Abstract
Deficient nitric oxide (NO) release is thought to be the principal mechanism of coronary spasm, however, the precise mechanisms are unknown. Although acetylcholine (ACh) is used for provocation of coronary spasm, ACh is also used for the augmentation of blood flow and flow-mediated vasodilation is induced. We estimated the self-vasodilating ability (endothelial function) at the spastic site of coronary arteries in patients with vasospastic angina (VSA) during the provocation test of coronary spasm by ACh. This study included 93 patients with VSA and 77 patients with atypical chest pain (ACP). Intracoronary injection of ACh (20, 50, and 100 μg) was performed over 30 seconds and the coronary artery diameter of the spastic site was measured 3 to 4 minutes after ACh injection (delayed phase). The ability of dilation (AOD) was calculated as : ([diameter of delayed phase - baseline diameter] / [diameter after isosorbide dinitrate - baseline diameter]) 100 (%).
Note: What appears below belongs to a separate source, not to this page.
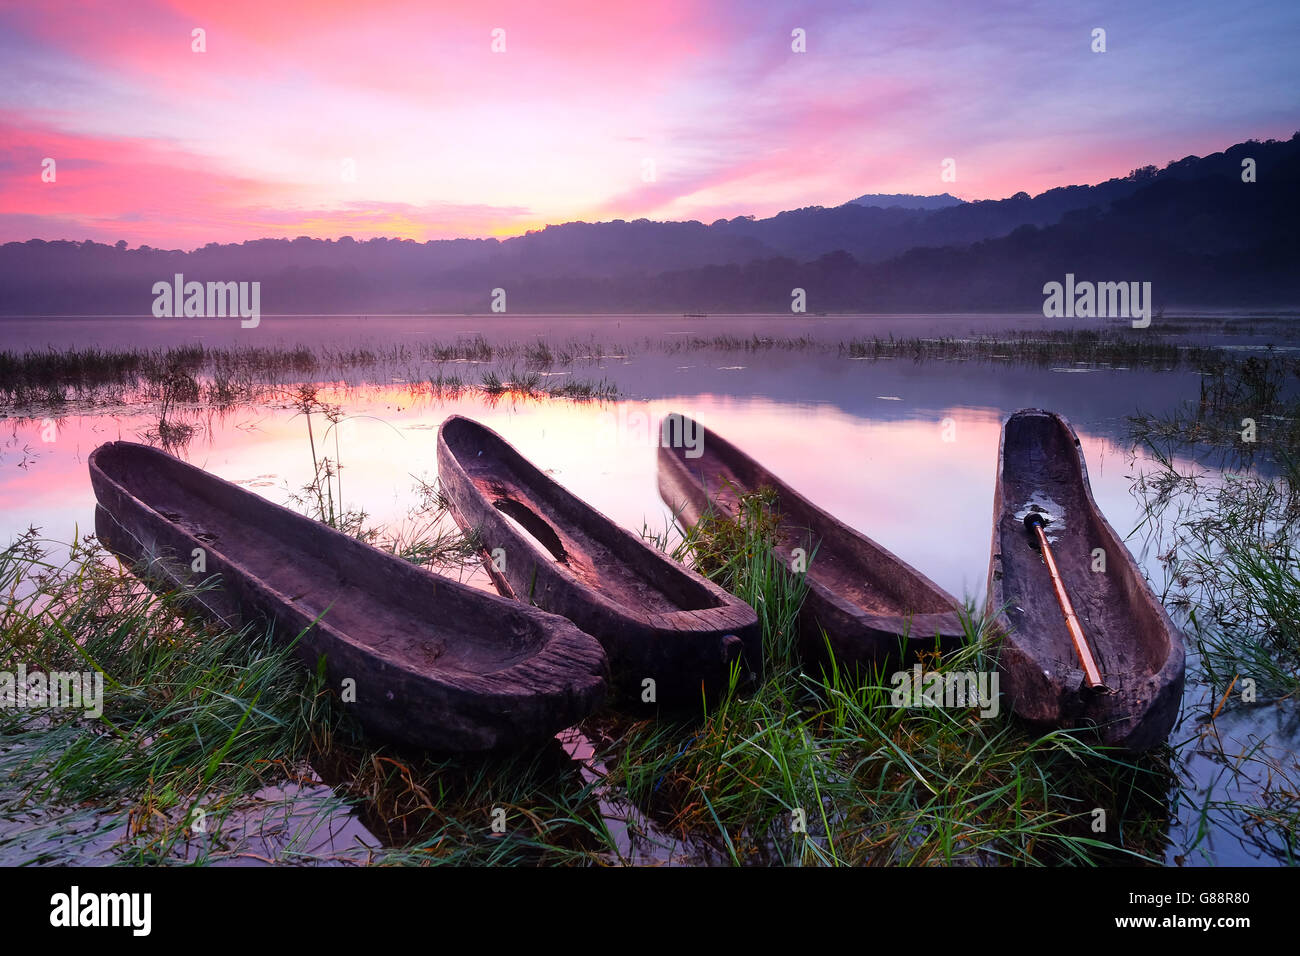 Four boats at sunset, Tamblingan Lake, Bali, Indonesia Stock Photo
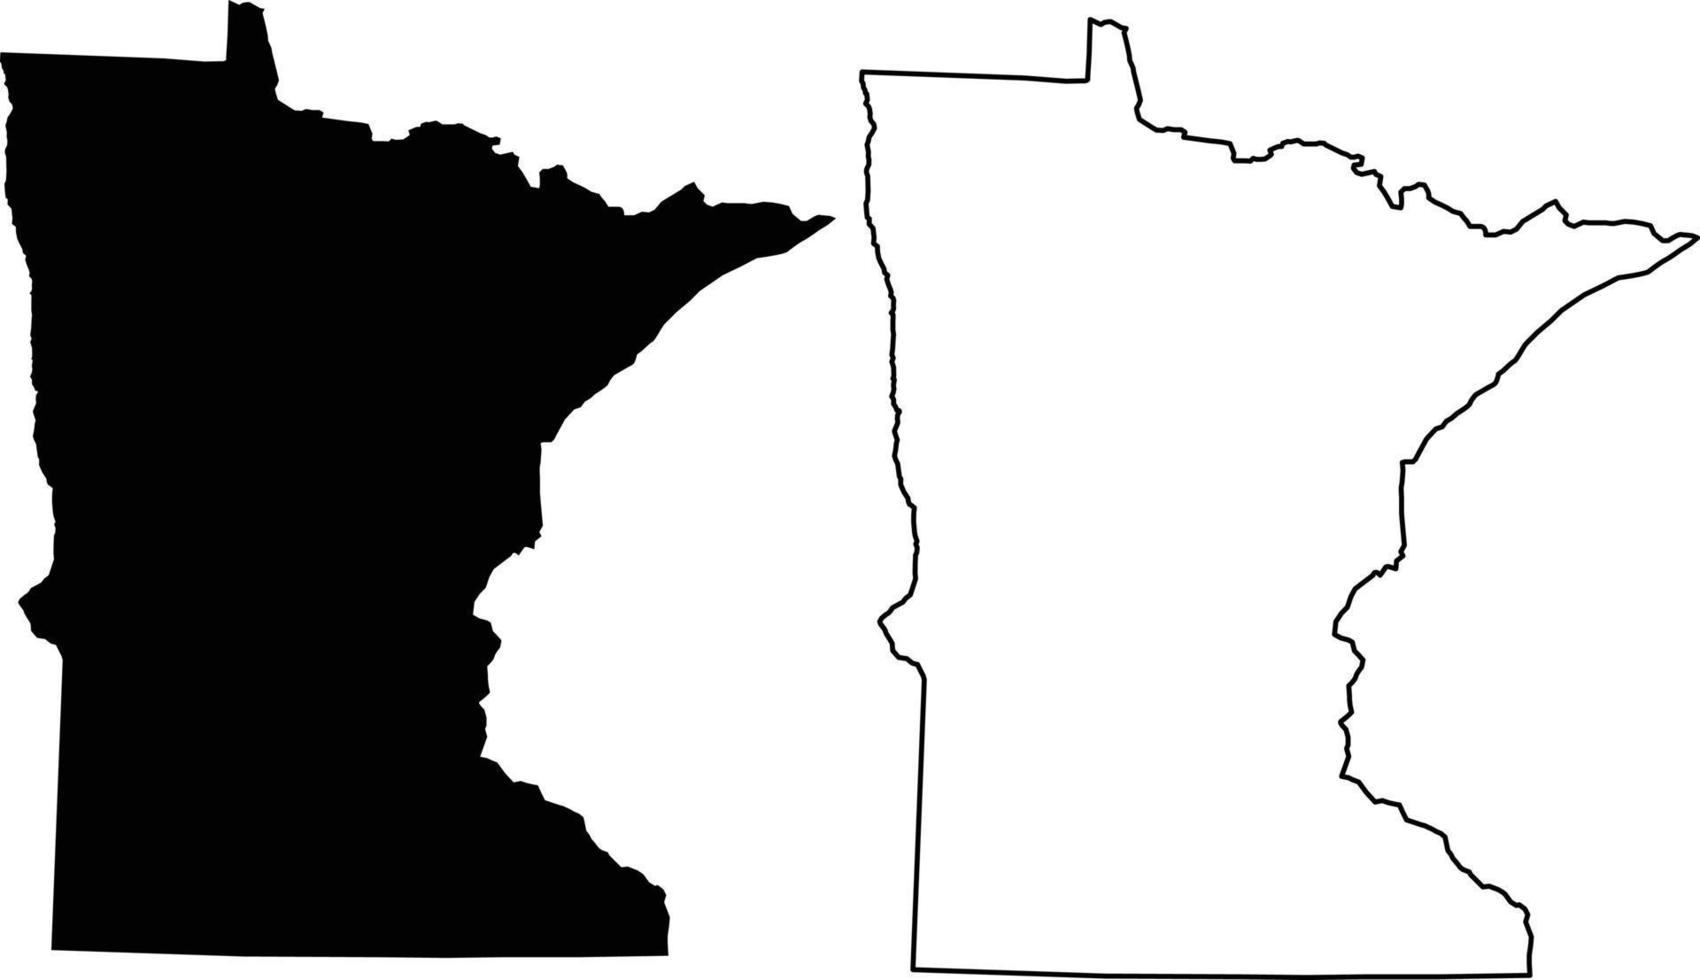 mapa de minnesota sobre fondo blanco. mapa del estado estadounidense de minnesota. esquema del mapa de minnesota. estilo plano vector

No significant difference was noted between the AOD in patients with ACP and VSA (28 ± 36 vs 15 ± 60%, respectively). The AOD values of 49% of patients with VSA were greater than the mean value of AOD of patients with ACP. At least almost half of the patients with VSA may have preserved self-vasodilating ability at the spastic site, and an abnormality other than endothelial dysfunction is involved in the mechanism of coronary spasm in these patients.